- AIM OF THE EXERCISE -
Retype the data below exactly; skip every image.
[[ INFORMATION SHOWN, beginning ]]
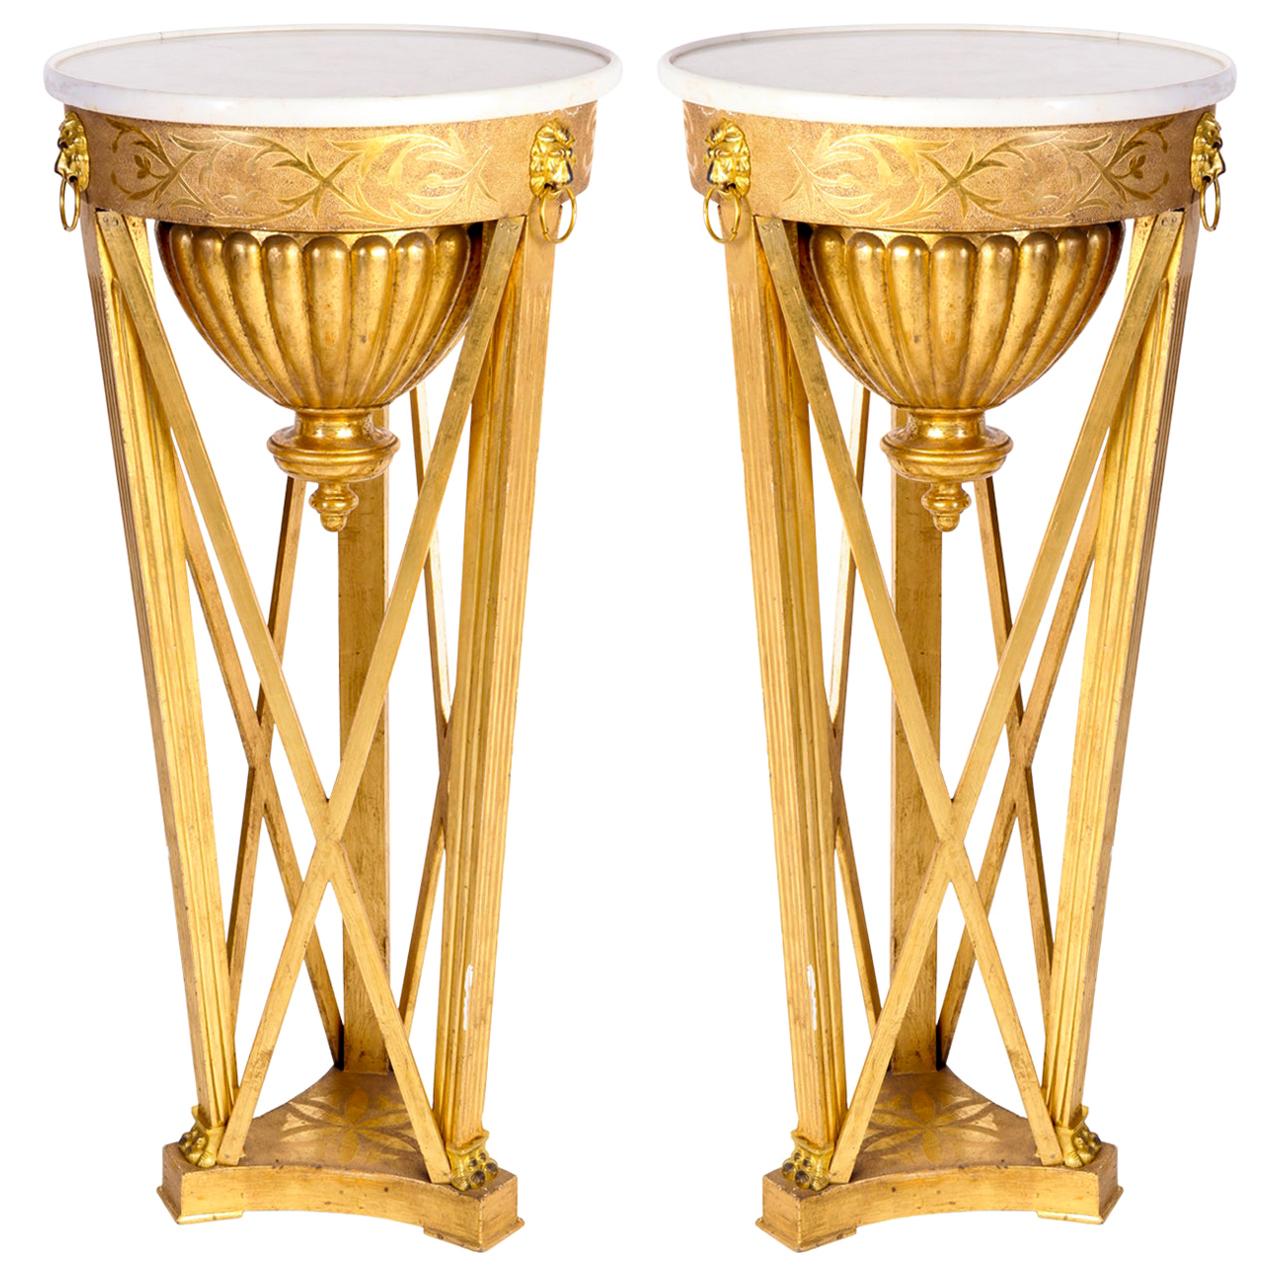 Very Fine Pair of Italian Neoclassical Guéridons or Side Tables Tuscany, 1830
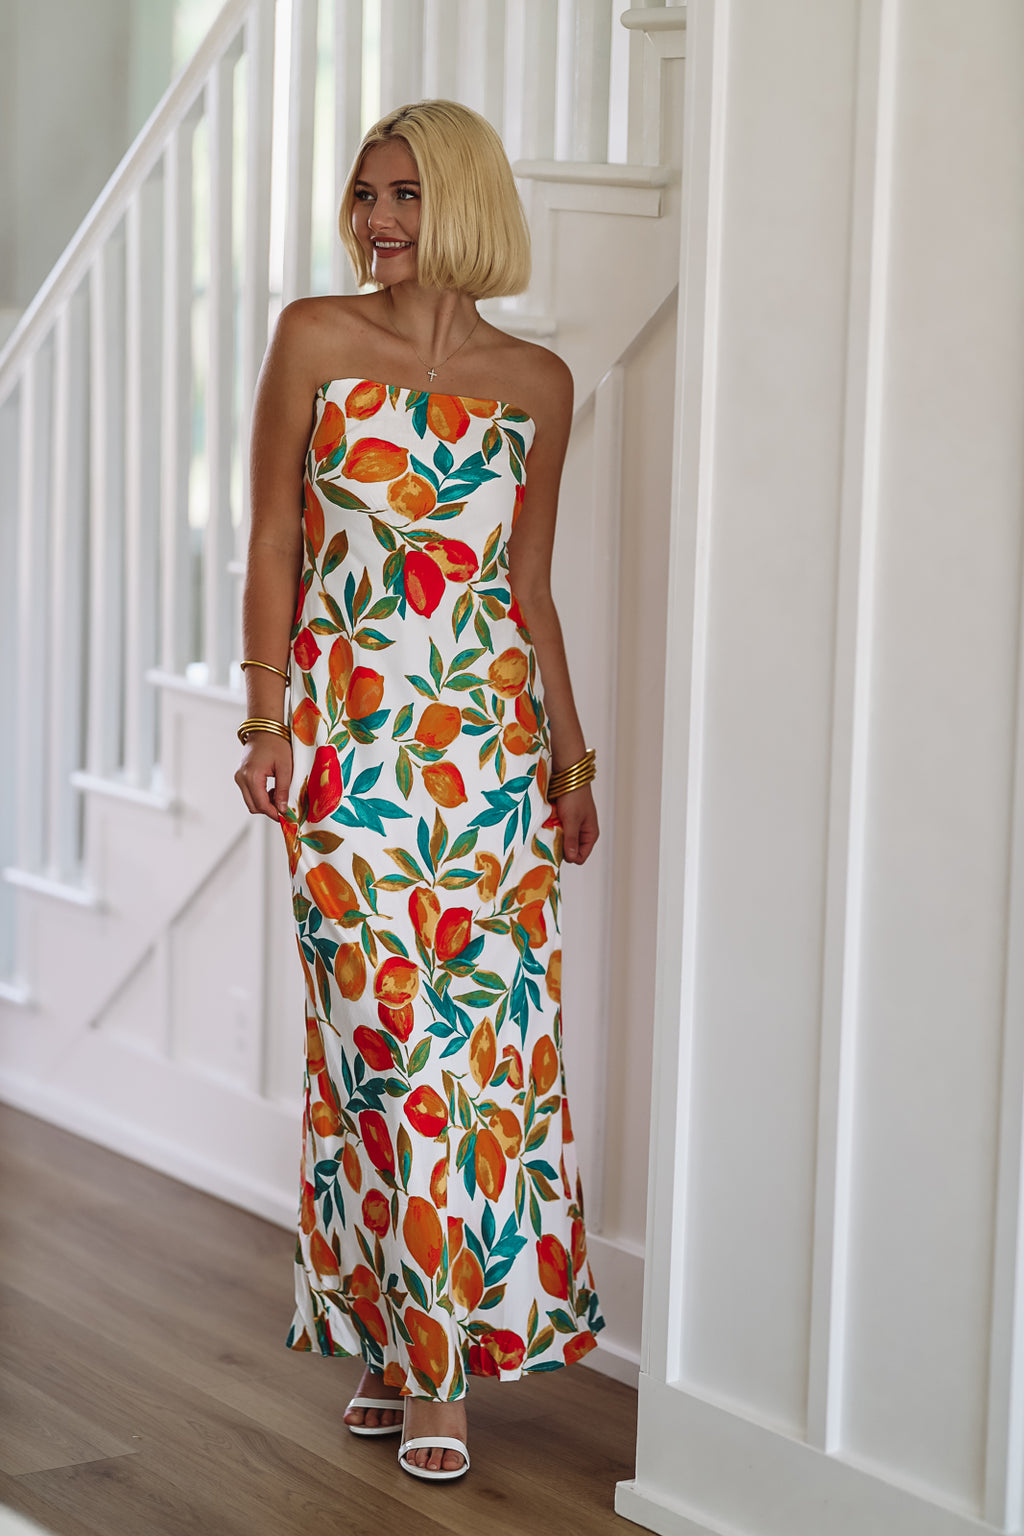 In the Grove Maxi Dress - White, Orange and Green
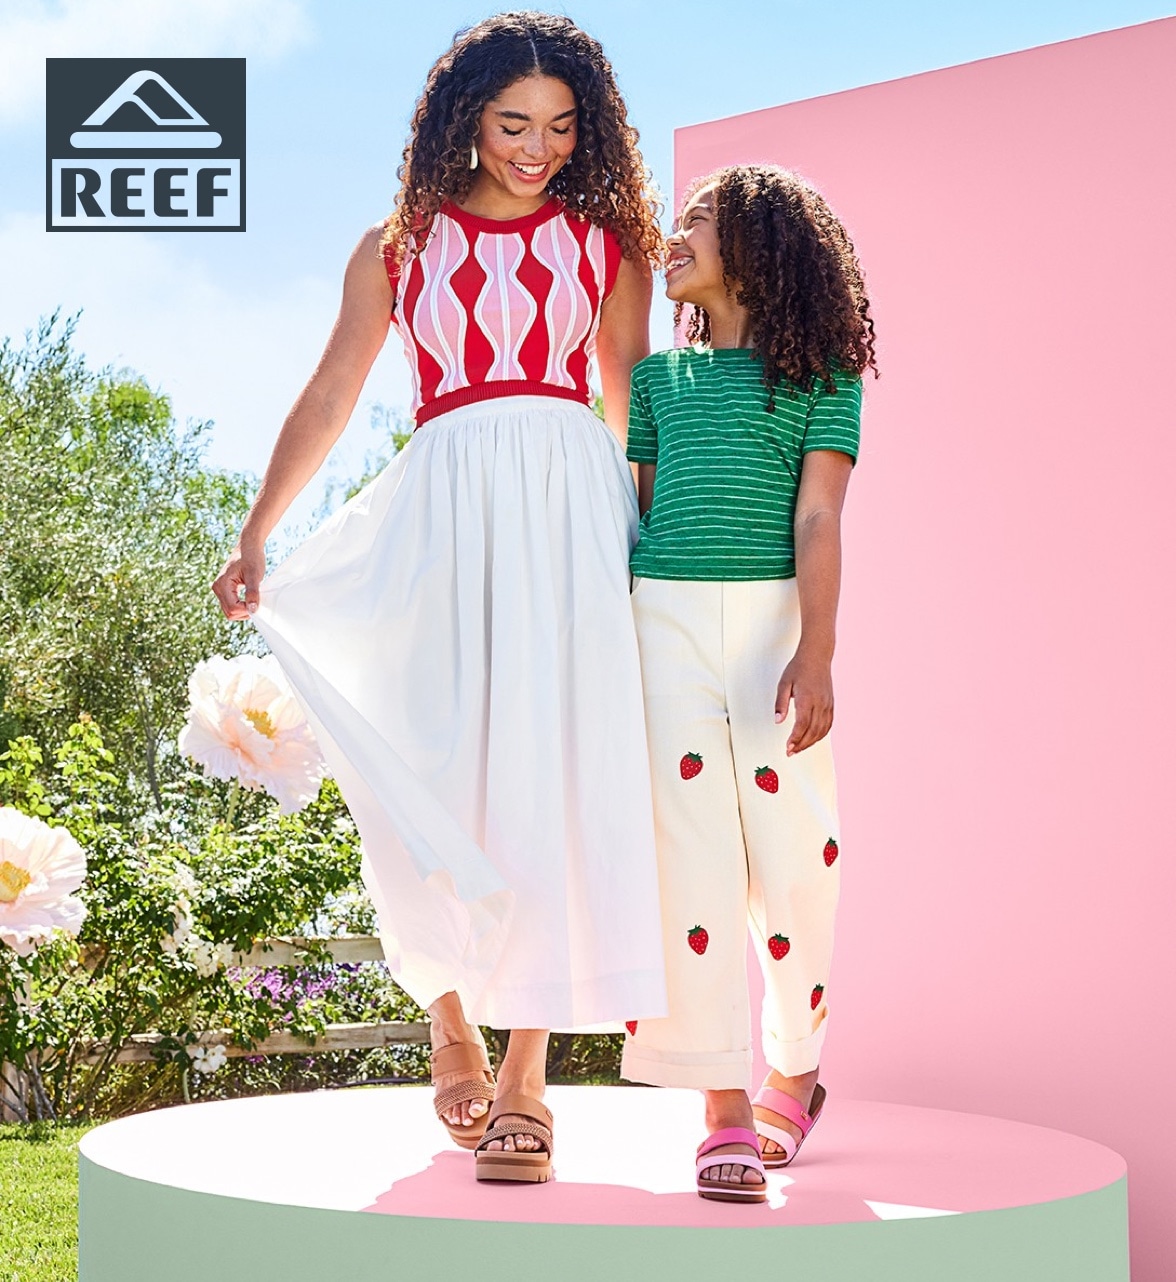 mother and daughter in spring outfits wearing reef sandals with reef logo in upper left corner
[[ INFORMATION SHOWN, end ]]
- OUTPUT OF THE EXERCISE -
 Very Fine Pair of Italian Neoclassical Guéridons or Side Tables Tuscany, 1830
 In the Grove Maxi Dress - White, Orange and Green
 mother and daughter in spring outfits wearing reef sandals with reef logo in upper left corner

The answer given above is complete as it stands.